One of the joys of road trips is discovering unique
countryside symbols – road signs, public and social art, and expressions of
local culture. I twice previously
traveled the I-70 corridor of St. Louis to Kansas City and from St. Louis down
to Branson in the Ozarks so the state with its huge farms bursting with green
bounty this summer was no mystery.
But Kansas was relatively unknown to me save for a ride down
the eastern edge over thirty years ago with my son Sasha. We were headed to Tulsa and admired the
green rolling land watered with many streams. On this trip I wondered if comedians’ impression of the
state as just 400 miles of endless, flat wheat fields was true.
The comedians were wrong – the state’s topography is mostly
rolling land and the production of corn, soybeans, canola and cattle may rival
wheat. The farther west one goes,
the dryer, emptier, flatter and more barren the land gets. The following Kansas Byways road sign
provides a basic foundation in understanding a state blessed with spectacular
sunsets and super-agriculture.
The Mission Mountain Wilderness is a collaboration
between the Flathead people (Salish and Kootenai nations) and the state in
preserving the native culture.
The legend of the Burlington County road map and sign
describe important locations, basic resources, and other fundamentals for
economic development, assist local tourism, and general information purposes.
Two murals exhibited on the sides of walls of buildings in
western Kansas illustrate the fecundity of wildlife before the practice of
raising cattle. The open range had
to be fenced in and predatory wildlife threatened the security of herds.
The big eagle statue, located in Pendleton, Oregon symbolized
to me the freedom and expanse of our western lands.
The railroad played a vital role in developing the American
west and connecting it to the big eastern markets for their beef, vegetables,
fruits and manufactured goods.
Many towns in the west either thrived or withered depending on their
proximity to the railroad and the commerce it spurred. Trailer trucks, of course, have today
replaced a great deal of the trains’ role in moving the bulk of our goods and
commodities. I snapped this
monument to railroad connectivity in western Kansas.
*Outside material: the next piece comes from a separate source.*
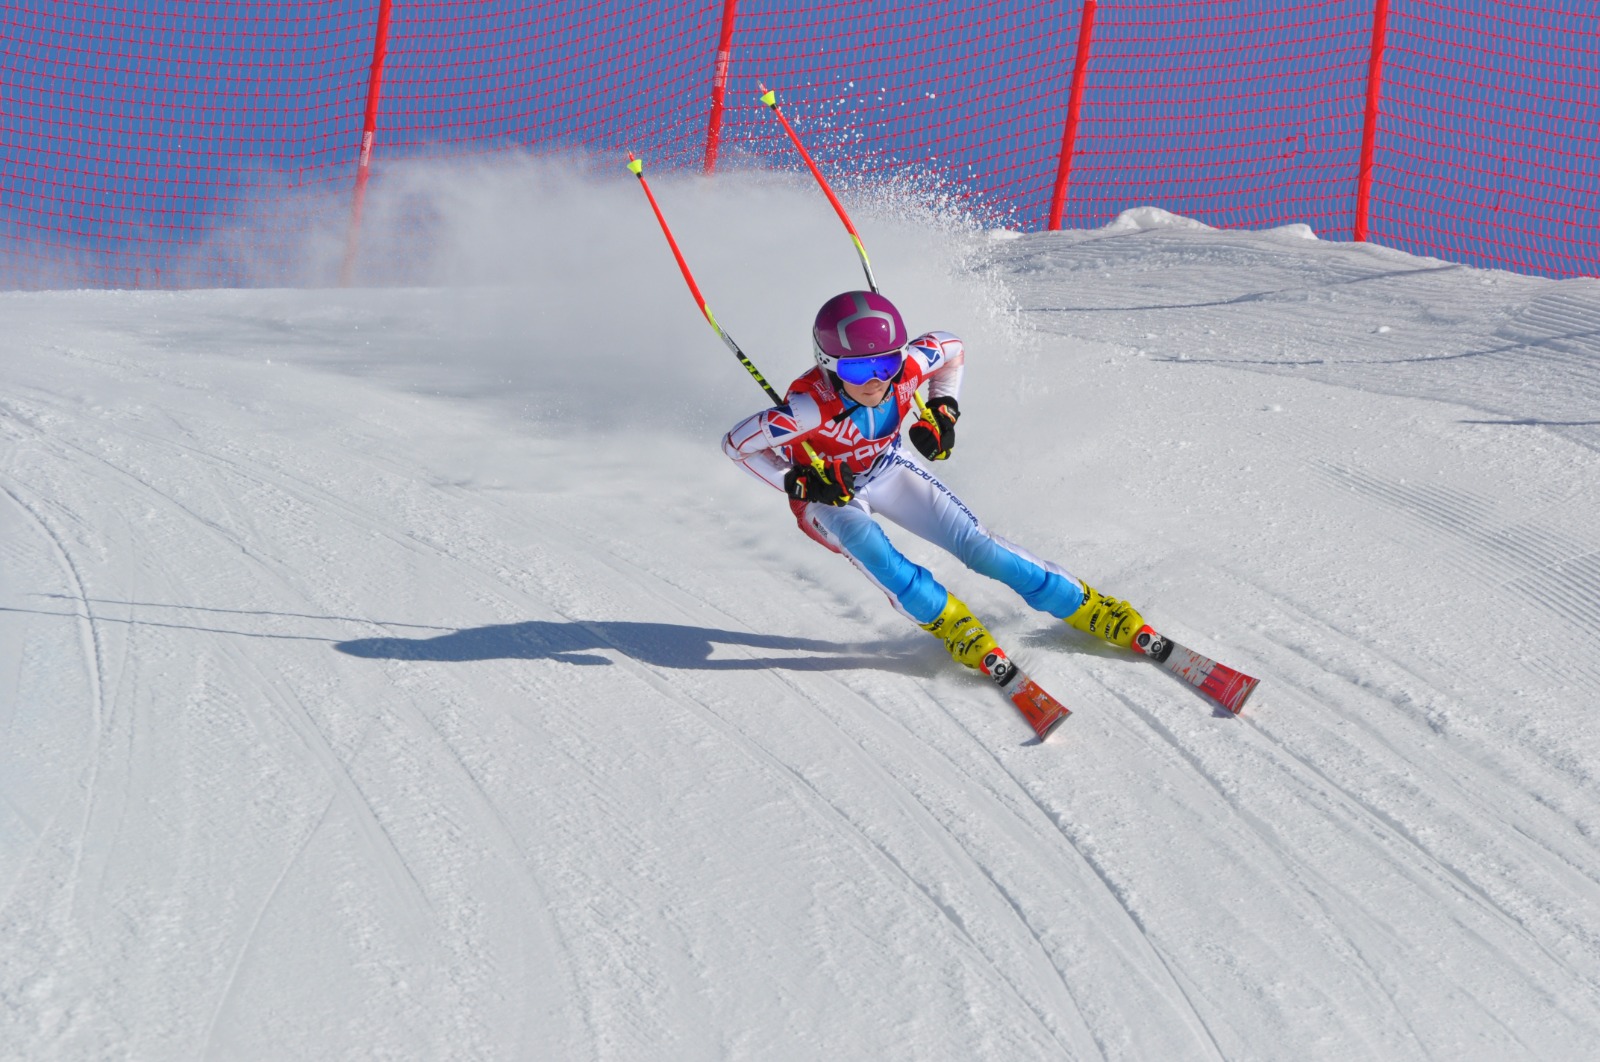 Next generation shows their talent at GB Alpine Championships Children’s Week

The rattlesnake was a very scary creature to western
settlers, especially in the more sparsely populated southwestern states. The snake avoids humans but will strike
if threatened.
Native Americans of the Great Basin in eastern Oregon
cultivated rice grass to supplement their diets and built up stores of it to
make it through the winter. Settlers
noted the practice and adapted elements of indigenous agriculture.